I'm trying to understand how I prove the convergence of a sequence and I think I am getting somewhere slowly after watching a bunch of videos and reading up about it.
Now I used the following sequence to practice a bit and I am unsure if I am done with it.
$\prod_{k=2}^{n} {(1-\frac{1}{k^2})}$ which can be written in $a_n = \frac{n+1}{2n}$. The limit as $n \rightarrow \infty$ is $\frac{1}{2}$.
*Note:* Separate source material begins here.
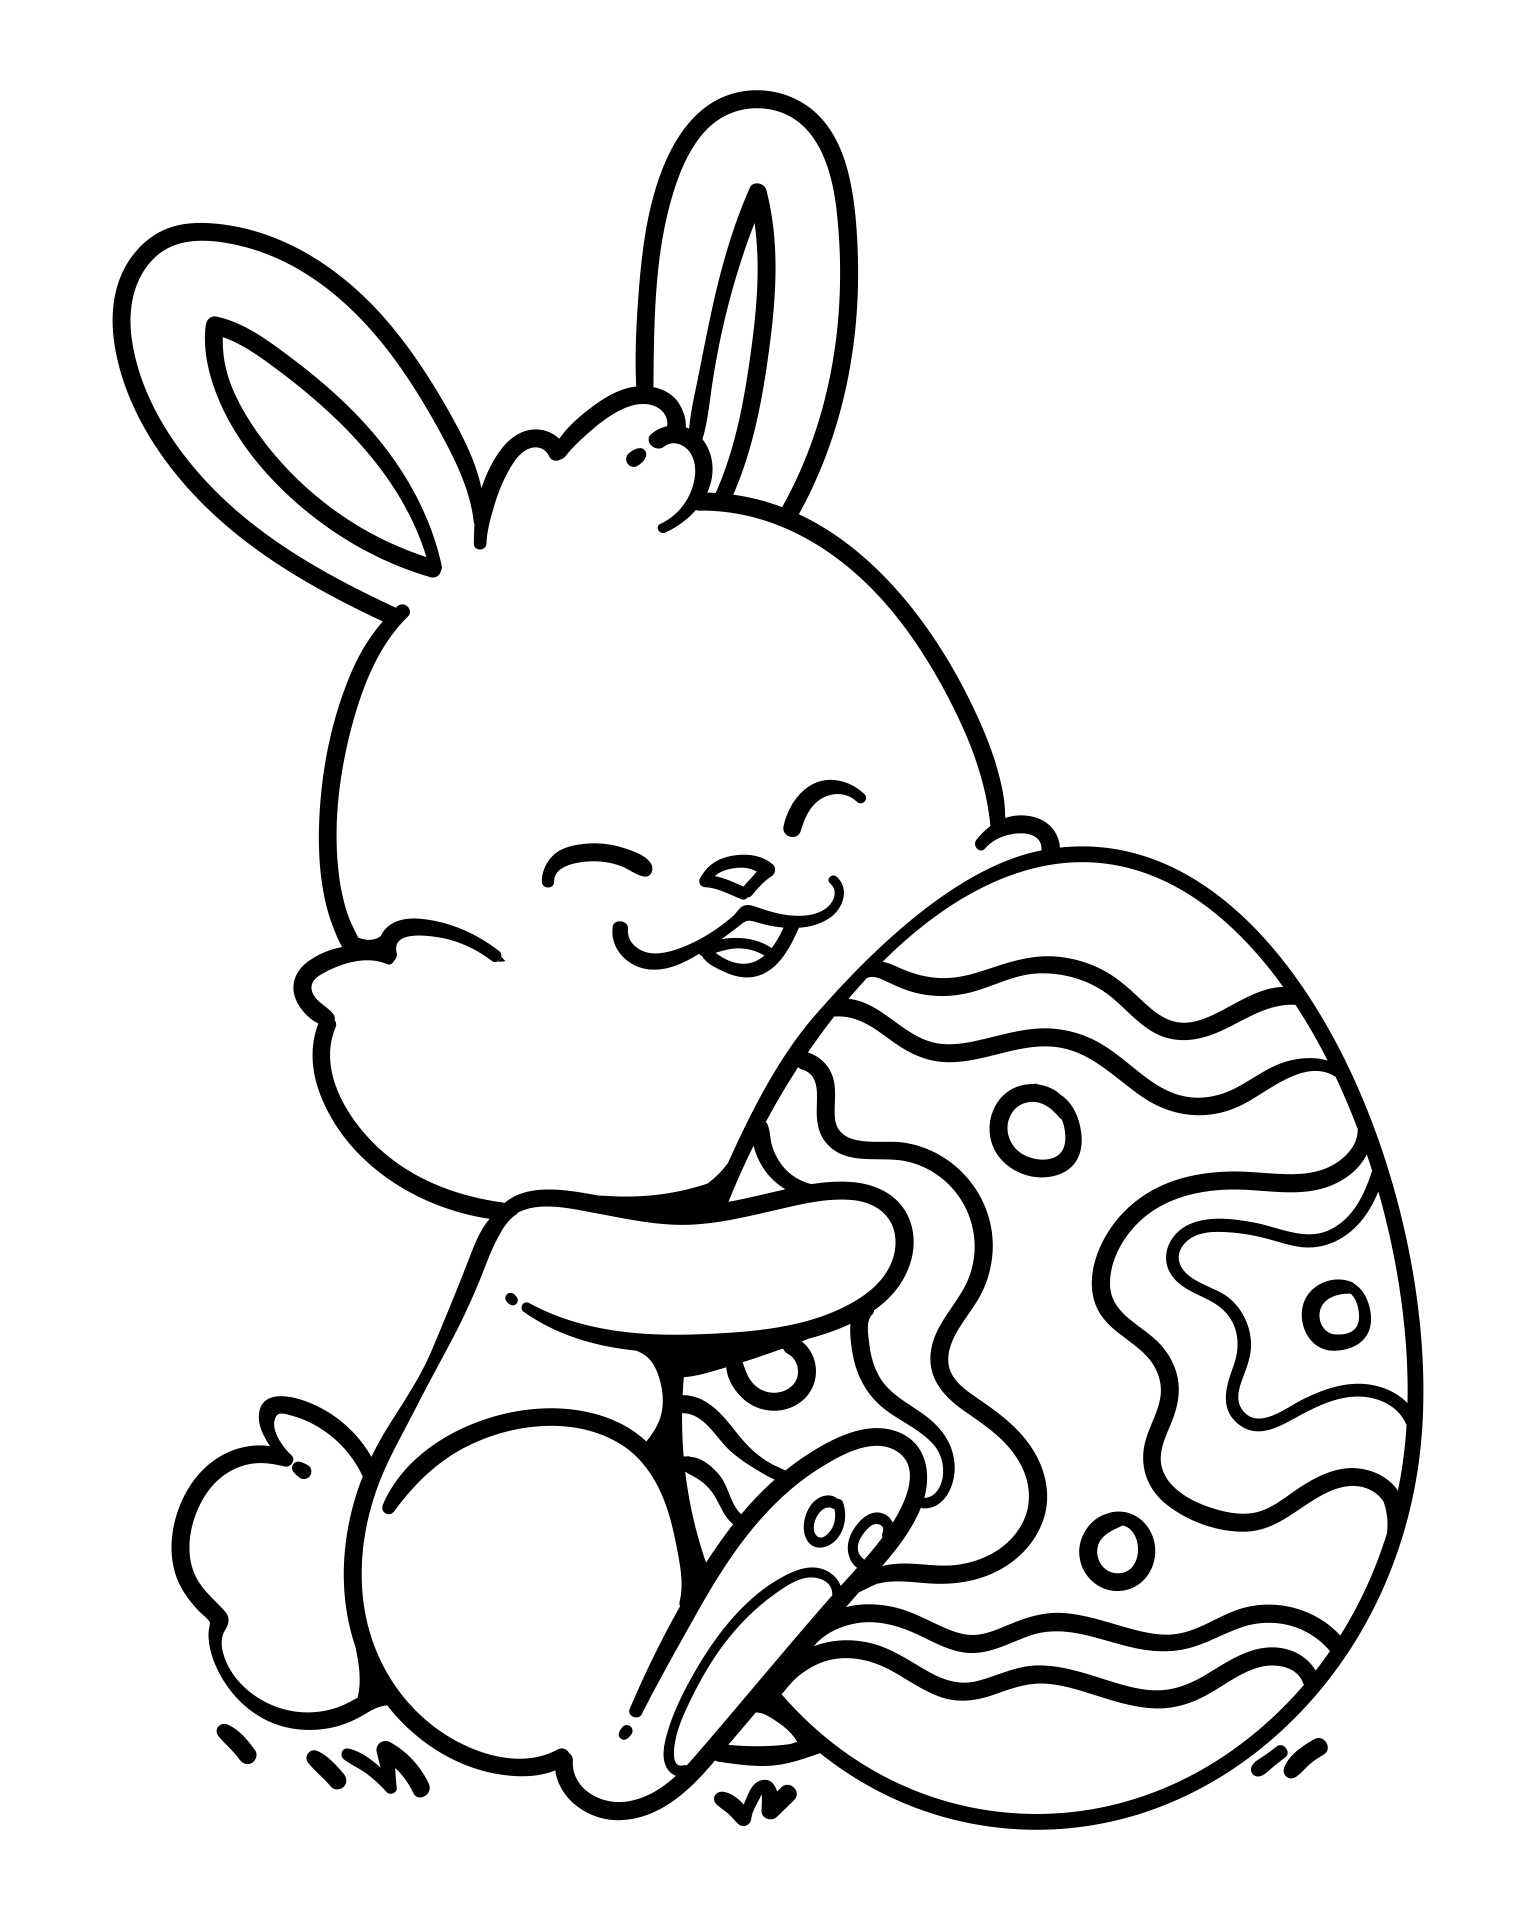 Printable Cute Bunny Holding Easter Egg Coloring Pages

Now to the proof, according to the definition $\forall \epsilon > 0 \exists n_0 \in \mathbb{N}:|a_n-a|<\epsilon \forall n \geq n_0$
$|\frac{n+1}{2n}-\frac{1}{2}| = |\frac{1}{2n}|= \frac{1}{2n} \leq \frac{1}{2n_0} < \epsilon$
therefore
$\frac{1}{2n_0} \leq \frac{1}{n_0} < \epsilon$
$\Rightarrow \frac{1}{\epsilon} < n_0$
Now after the definition $n \geq n_0$ I have to find something bigger than $\frac{1}{\epsilon}$
$\Rightarrow$ $\frac{2}{\epsilon} = n_0$ and since its in $\mathbb{N}$ I just round up with the gaussian brackets $\lceil \frac{2}{\epsilon} \rceil = n_0$. Now I have my $n_0$ and can write out the whole proof.
Let $\epsilon > 0$ be arbitary. Pick $n_0 := \lceil \frac{2}{\epsilon} \rceil$. Than $|a_n-a| = |\frac{n+1}{2n}-\frac{1}{2}| = |\frac{1}{2n}|= \frac{1}{2n} \leq \frac{1}{2n_0} \leq \frac{1}{n_0} = \frac{1}{\lceil \frac{2}{\epsilon} \rceil} \leq \frac{1}{2\epsilon} < \epsilon$
q.e.d
Thats what I have done now and I am not sure if everything is correct.. if so I guess I finally understood the conecept of it. I hope someone can take a look at it and tell me where I might have messed up.
Greetings
The underlying idea makes sense. I would probably make the structure of the argument stand out a little more:
Pick an $\epsilon > 0$. We must then find an $n_0$ such that $|\frac{n+1}{2n} - \frac{1}{2}| < \epsilon$ for all $n \geq n_0$.
We have $|\frac{n+1}{2n} - \frac{1}{2}| = |\frac{1}{2n}| = \frac{1}{2n}$ (as $n$ is positive).
To ensure that $\frac{1}{2n} < \epsilon$ we must have $n > \frac{1}{2 \epsilon}$. So take $n_0 = \lceil \frac{1}{2 \epsilon} \rceil$.